Межсезонье — страница 42 из 51

Машин на стоянках становится больше – весной они, наверное, размножаются делением. А у твоего подъезда беспричинно паркуется шикарный темно-зеленый «кадиллак». Не к тебе, но все равно приятно.

– Давай быстрей, – говорит Петер, посмотрев на часы, – скоро уходить.

Со стены нашей с Петером кухни осклабился Софокл. «Мам, можно я его себе возьму, он меня охраняет?» – «Да, конечно».

На десять заказана машина – мы будем перевозить мебель из квартиры на улице с охотничьим именем, где мы прожили несколько лет, а в последний год там жили мама, сестра и Соня.

Новая квартира – полквартала пешком от старой – в старинном отреставрированном доме с белоснежными ступенями и высокими окнами в подъезде.

Квартиру мама записала на сестру – сделала ее ответственным квартиросъемщиком. От слова «ответственность». «Пусть будет она, может, это прибавит ей самостоятельности, пора уже».

Отдельно от мамы сестра жить не захотела, «давай ты будешь вести у меня хозяйство, я же работаю все-таки».

Сестрина самостоятельность – это постоянная готовность номер один; все время может что-то стрястись, все время где-то «пожар». Летом, когда мама с Соней уезжают на четыре-пять месяцев в Москву, сестра забывает оплачивать счета за электричество и воду. Она просто складывает квитанции и напоминания об оплате в ящик письменного стола и идет гулять на Марияхиль-ферштрассе, покупать новые блузки и сарафаны.

К сентябрю дело где-то там, в недрах домоуправления, доходит до взыскания через суд, и тогда она, бледная и испуганная, идет ко мне и Петеру плакаться. И начинается беготня – мы спасаем, тушим пожар, даем денег взаймы или вообще без отдачи. Потом мы говорим – смотри, это в последний раз. И однажды это и вправду будет в последний раз.
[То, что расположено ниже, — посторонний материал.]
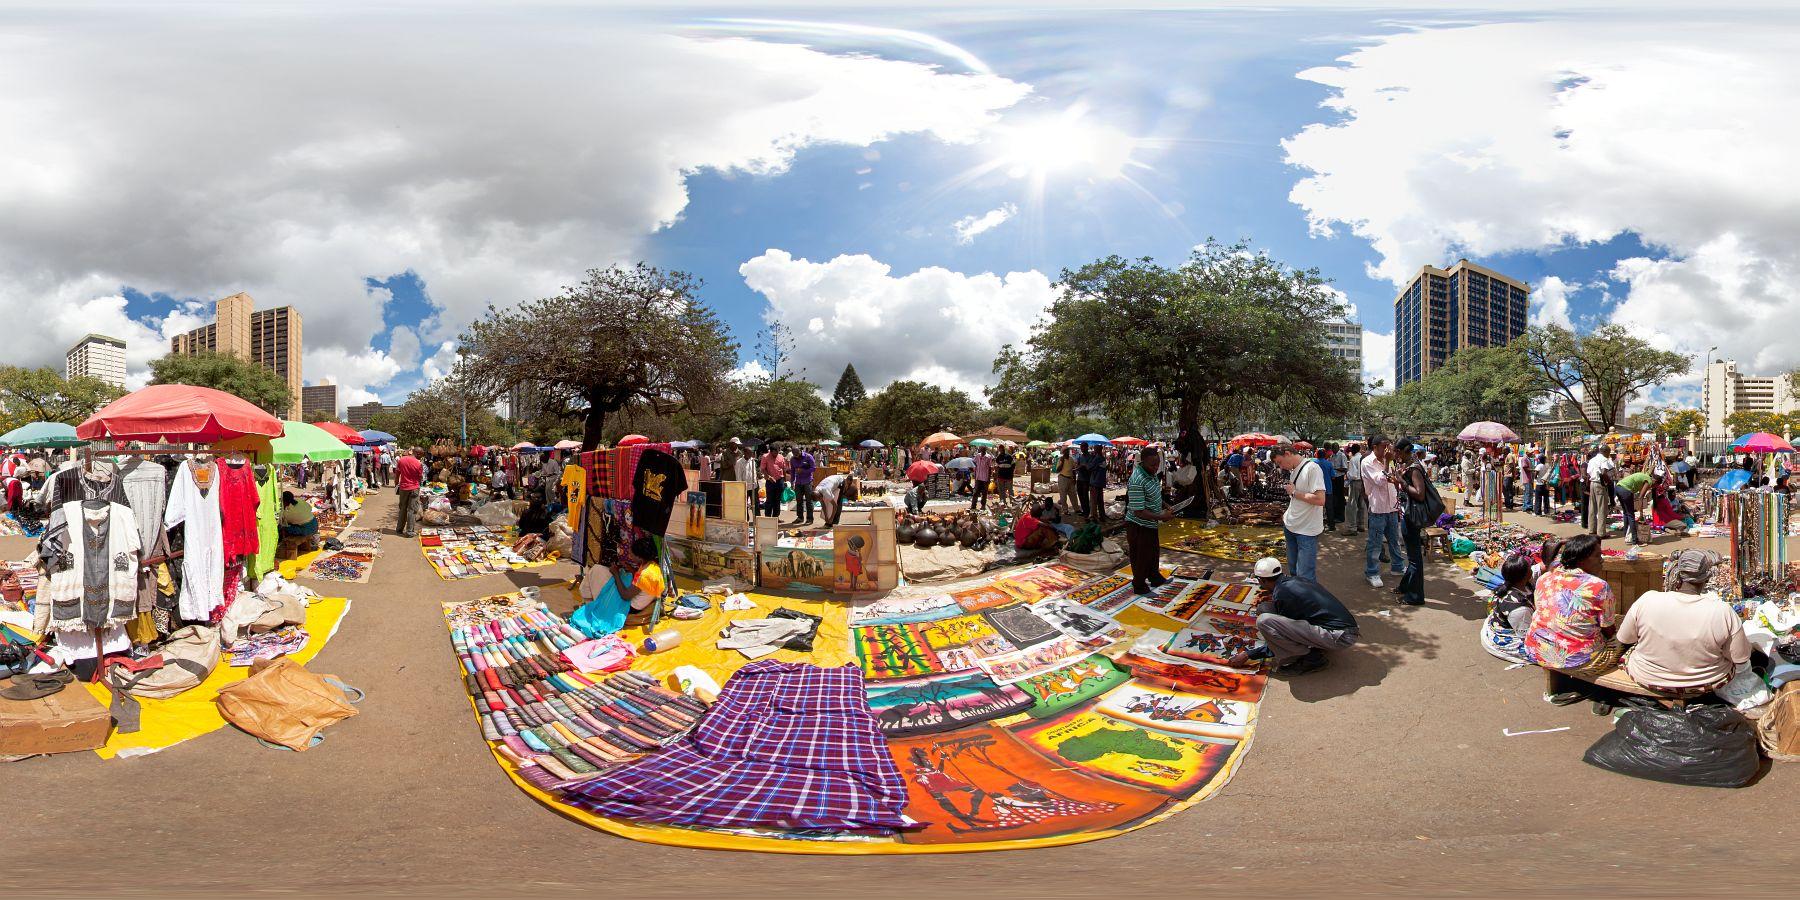 Panorama Kenia Nairobi Markt 2
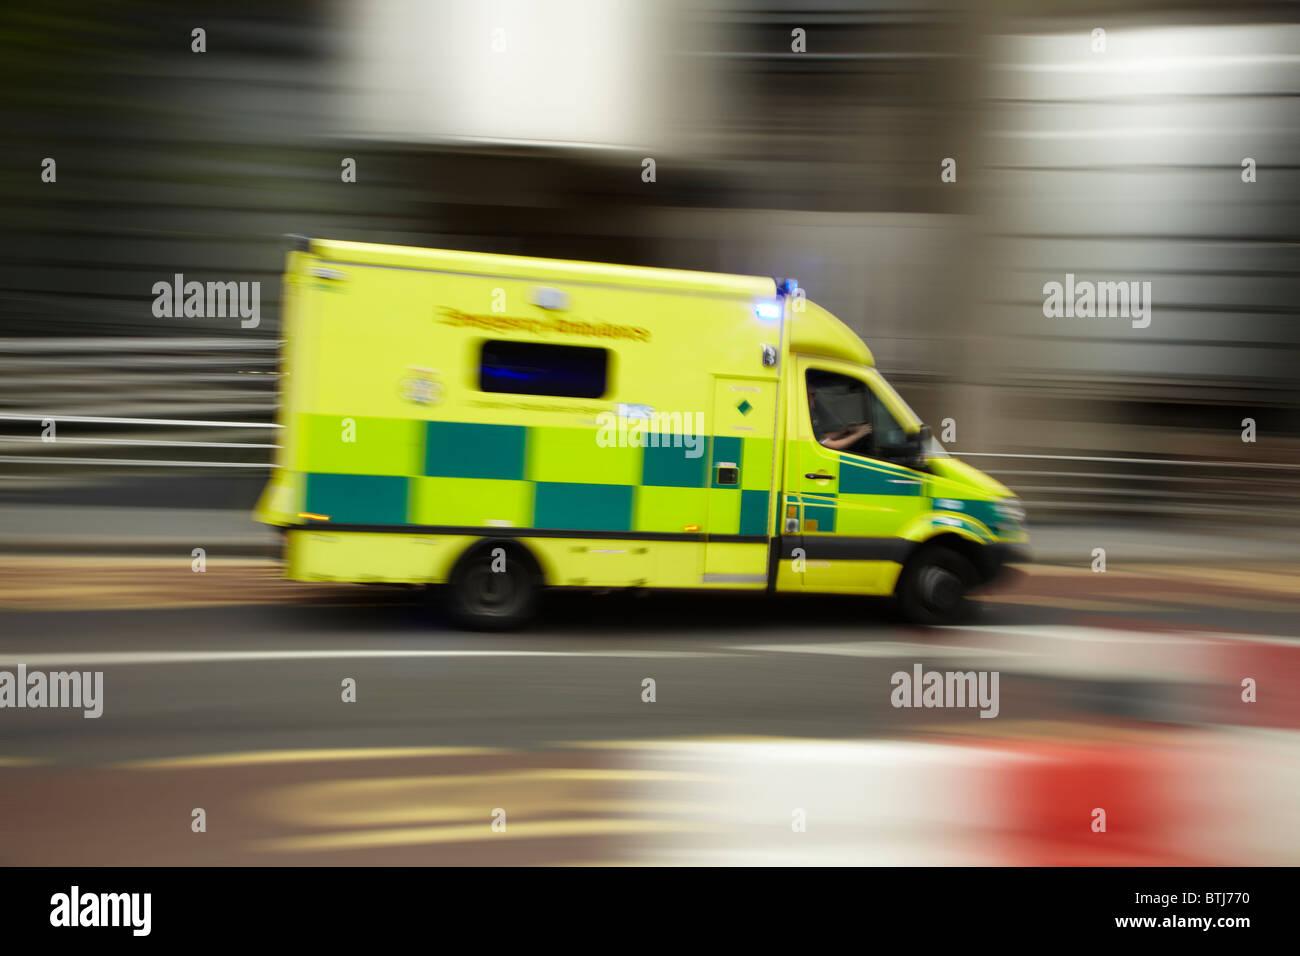 Speeding ambulance, London, England, United Kingdom - Stock Image

Когда в начале октября приезжают мама с Соней, как только мама открывает платяной шкаф, из него вываливаются юбки и свитера, топики и шарфики – просто скомканные, просто утрамбованные в шкаф плечом, потому что от всего купленного он просто уже не закрывается…

Соня вышагивает с горшком в руках – с глиняным, словно только что с огорода, – узамбарских фиалок. Тех самых, которые я купила, узнав, что она родилась. Фиалки разрослись и цветут почти весь год без перерыва – бархатные, с серебристыми волосками по краю лепестков.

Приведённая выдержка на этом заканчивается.